Texas was a hot spot for thrift and bank failures at the time.
His logic was that a bank that has a Texas ratio topping 100 percent faces significant risk of potential insolvency because its problem loans are bigger than its available capital to cover potential losses.
Of the eight banks nationwide that have failed in the past three months, all but one had high Texas ratios, according to Matthew Anderson, a partner with Foresight Analytics in Oakland, Calif. Alpharetta-based Integrity Bank had the highest Texas ratio among the nation’s financial institutions in the first and second quarters before it failed in August.
However, critics of the Texas ratio argue that it is a single snapshot of a bank’s condition and doesn’t reflect its ability to improve operations or raise additional capital.
“The Texas ratio really doesn’t tell the whole story,” said Mark Conner, president of FirstCity Bank in Stockbridge.
Traditionally, the ratio is calculated by starting with the total of an institution’s nonperforming assets and loans that are at least 90 days past due.

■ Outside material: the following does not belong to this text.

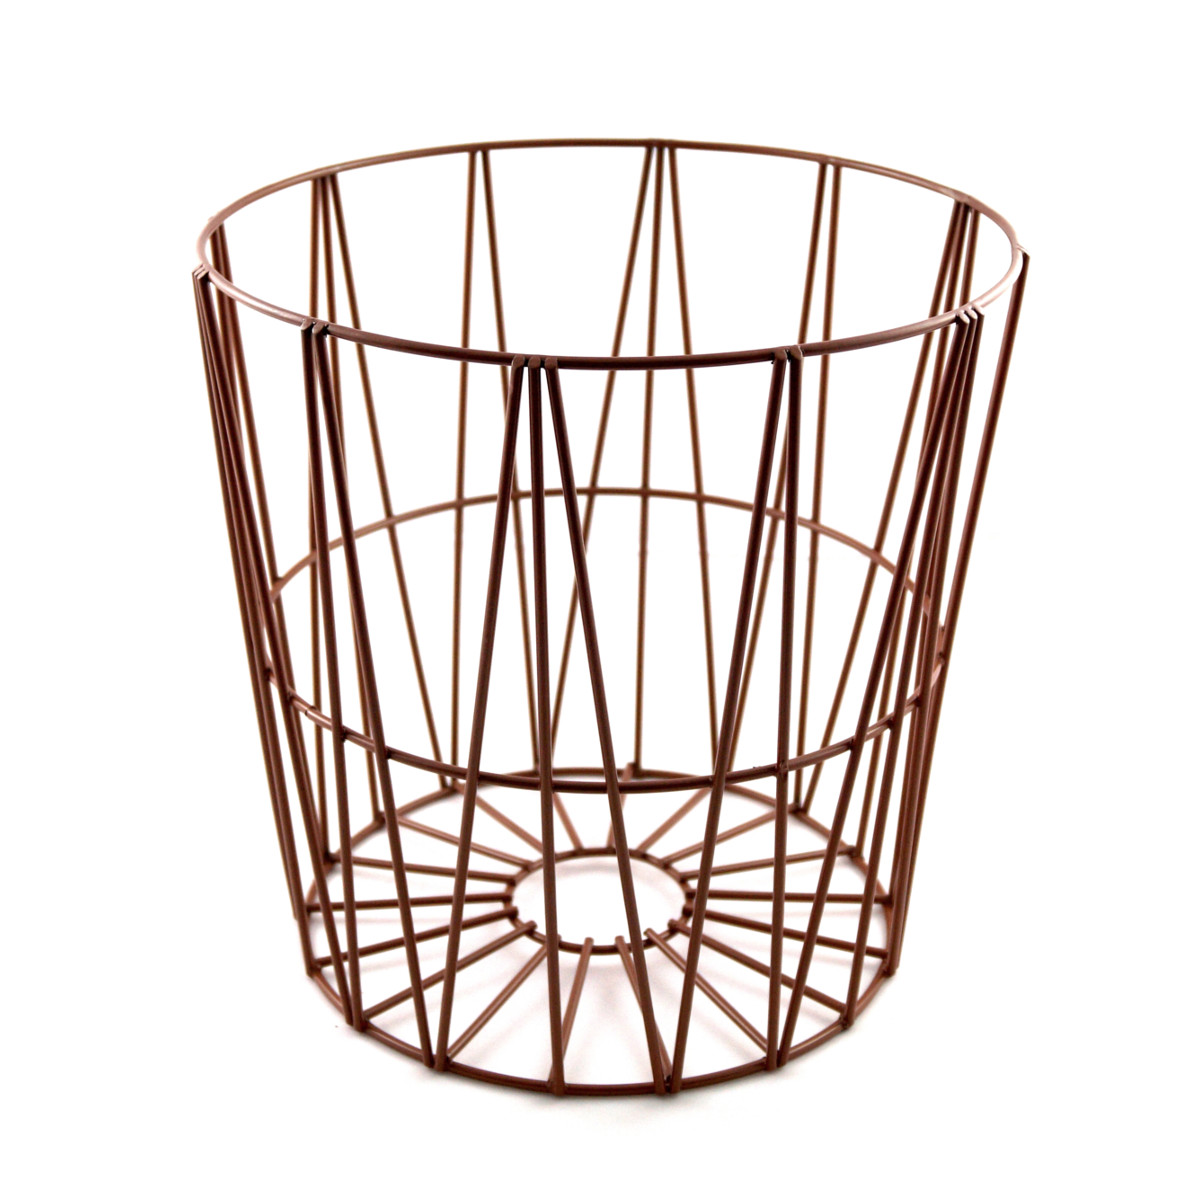 design drahtk rbe in 4 gr en drahtkorb tisch korb mit deckel braun ebay. Black Bedroom Furniture Sets. Home Design Ideas

That figure is then divided by the company’s sum of tangible equity — which excludes goodwill and other intangible assets — plus loan loss reserves, or money set aside to cover expected losses on loans.
Some industry analysts have tweaked the formula. Atlanta-based FIG Partners, which supplied data for these stories, also includes the value of foreclosed properties and all delinquent loans in its calculations, arguing that it provides a broader measure of potential risks.